HashMap allows **one null key** and **any number of null values**:

```java
HashMap<String, String> map = new HashMap<>();
map.put(null, "null-key-value");  // ✅ Stored in bucket 0
map.put("key1", null);            // ✅ Null value is fine
map.put("key2", null);            // ✅ Multiple null values OK

map.get(null);   // "null-key-value"
map.get("key1"); // null — but is the key absent or is the value null?

// Use containsKey to distinguish:
map.containsKey("key1"); // true — key exists, value is null
map.containsKey("key3"); // false — key doesn't exist
```

> **Note:** `ConcurrentHashMap` does **not** allow null keys or values.
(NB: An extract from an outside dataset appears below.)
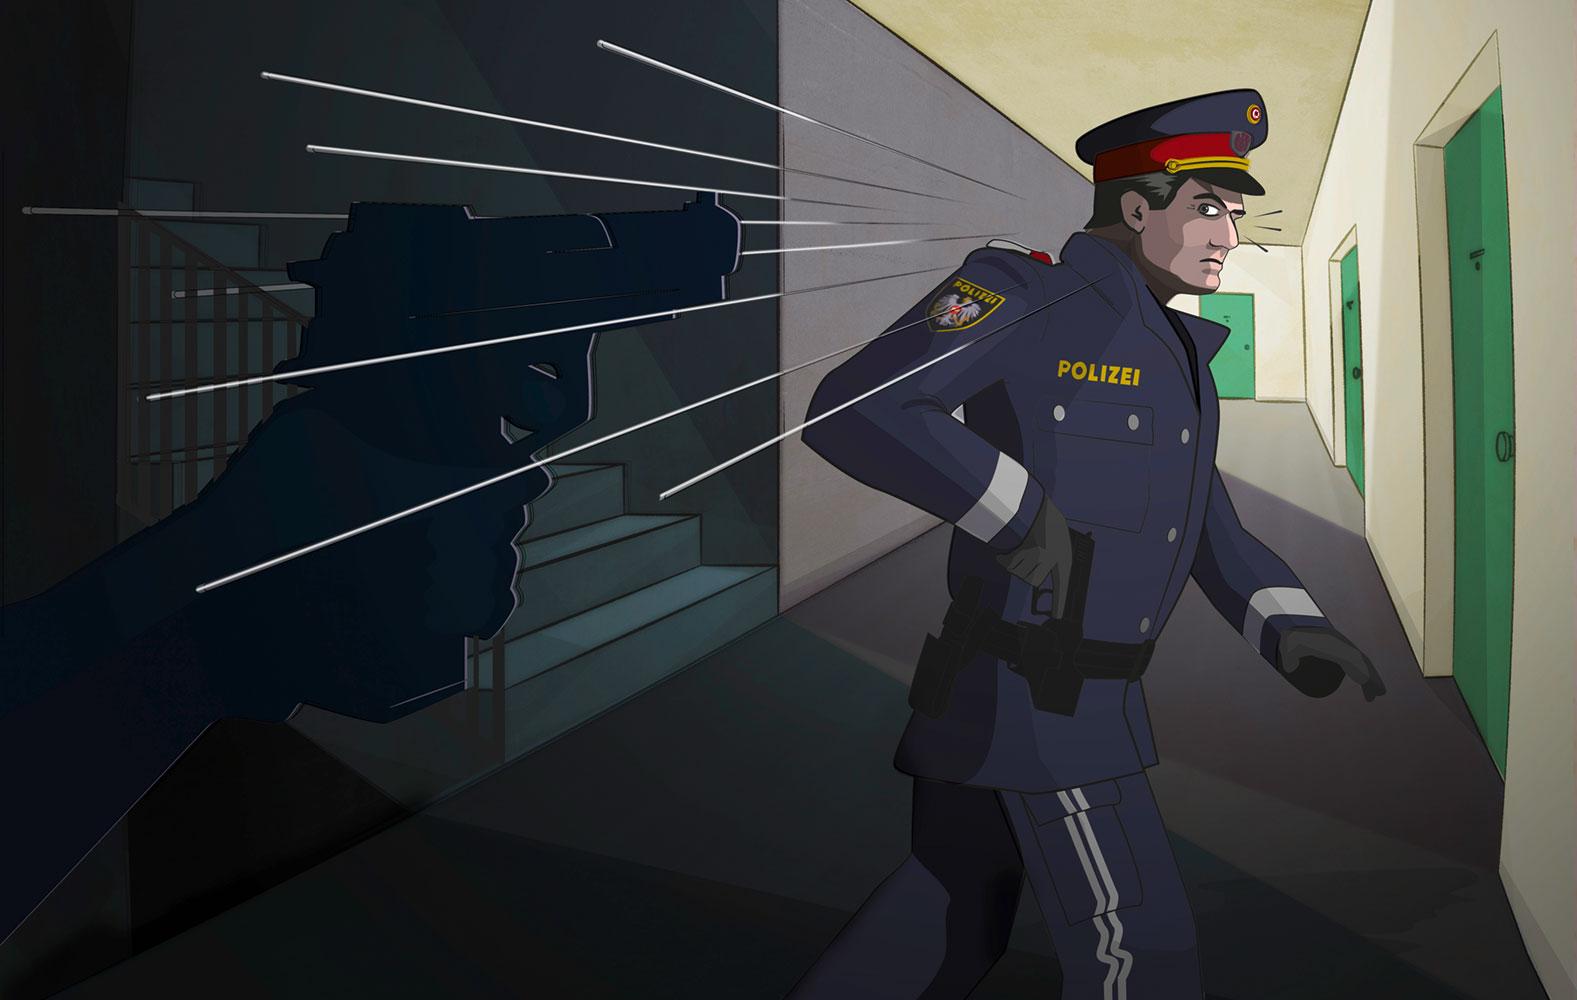 Internes Schreiben: Polizeispitze will Misshandlungen nicht
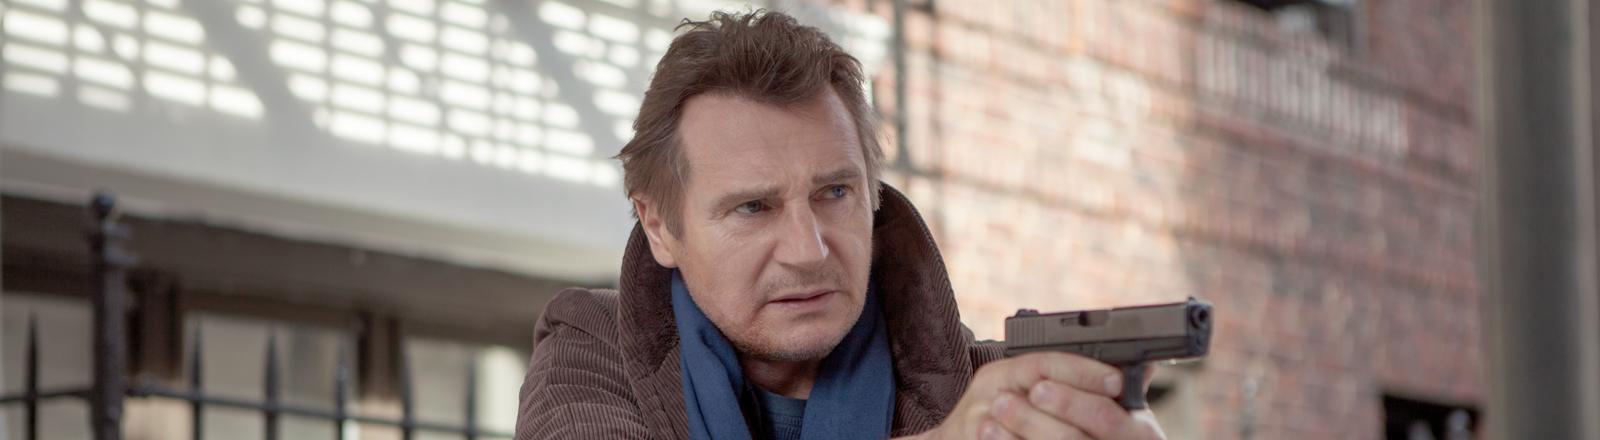 """Ex-CIA-Agent und Familienvater Bryan Mills (Liam Neeson) in einer Szene des Kinofilms """"96 Hours - Taken 3"""" (undatierte Filmszene)."""

If you're migrating from HashMap to ConcurrentHashMap, this is a common breaking change.

* * *

## Iteration Order — No Guarantees

HashMap makes **no guarantees** about iteration order:

```java
HashMap<String, Integer> map = new HashMap<>();
map.put("Banana", 2);
map.put("Apple", 1);
map.put("Cherry", 3);

for (String key : map.keySet()) {
    System.out.println(key);
}
// Could print in ANY order: Apple, Cherry, Banana
// Order may CHANGE after resizing!
```

If you need ordering, use:

*   `LinkedHashMap` — insertion order (or access order)
    
*   `TreeMap` — sorted by key
    

* * *

## Common Pitfalls

### Pitfall 1: Mutable Keys

```java
// ❌ DANGEROUS: Modifying a key after insertion
List<String> key = new ArrayList<>();
key.add("hello");

map.put(key, "value");

key.add("world");  // hashCode changes!
map.get(key);      // NULL — hash points to wrong bucket now

// The entry still exists in the old bucket, but it's unreachable!
// This is a silent memory leak.
```

> **Rule:** HashMap keys should be **immutable**. Use `String`, `Integer`, enums, or your own immutable classes.

### Pitfall 2: Not Sizing Properly

```java
// ❌ BAD: Will resize multiple times
HashMap<String, Integer> map = new HashMap<>(); // capacity=16, threshold=12
for (int i = 0; i < 10_000; i++) {
    map.put("key-" + i, i);  // Resizes at 12, 24, 48, 96, 192, 384, ...
}
// That's ~13 resizes, each copying ALL entries!

// ✅ GOOD: Pre-size to avoid resizing
HashMap<String, Integer> map = new HashMap<>(14_000); // (10000 / 0.75) + 1
```

### Pitfall 3: Using HashMap with Multiple Threads

```java
// ❌ NEVER DO THIS — HashMap is NOT thread-safe
// Two threads calling put() simultaneously can corrupt the internal structure:
// - Infinite loops (pre-Java 8)
// - Lost updates
// - Corrupted chains

// ✅ Use ConcurrentHashMap instead
ConcurrentHashMap<String, Integer> safeMap = new ConcurrentHashMap<>();
```

* * *

## Summary

![](https://cdn.hashnode.com/uploads/covers/637f189ed7d9bcd845996b4b/9cf8a1ec-8811-425b-8cfb-8aa6b251699b.png align="center")

**The one-liner:** HashMap is an array of buckets with separate chaining, auto-resizing at 75% capacity, treeified chains for collision safety, and O(1) average performance — but it demands immutable keys with correct `hashCode()`/`equals()`.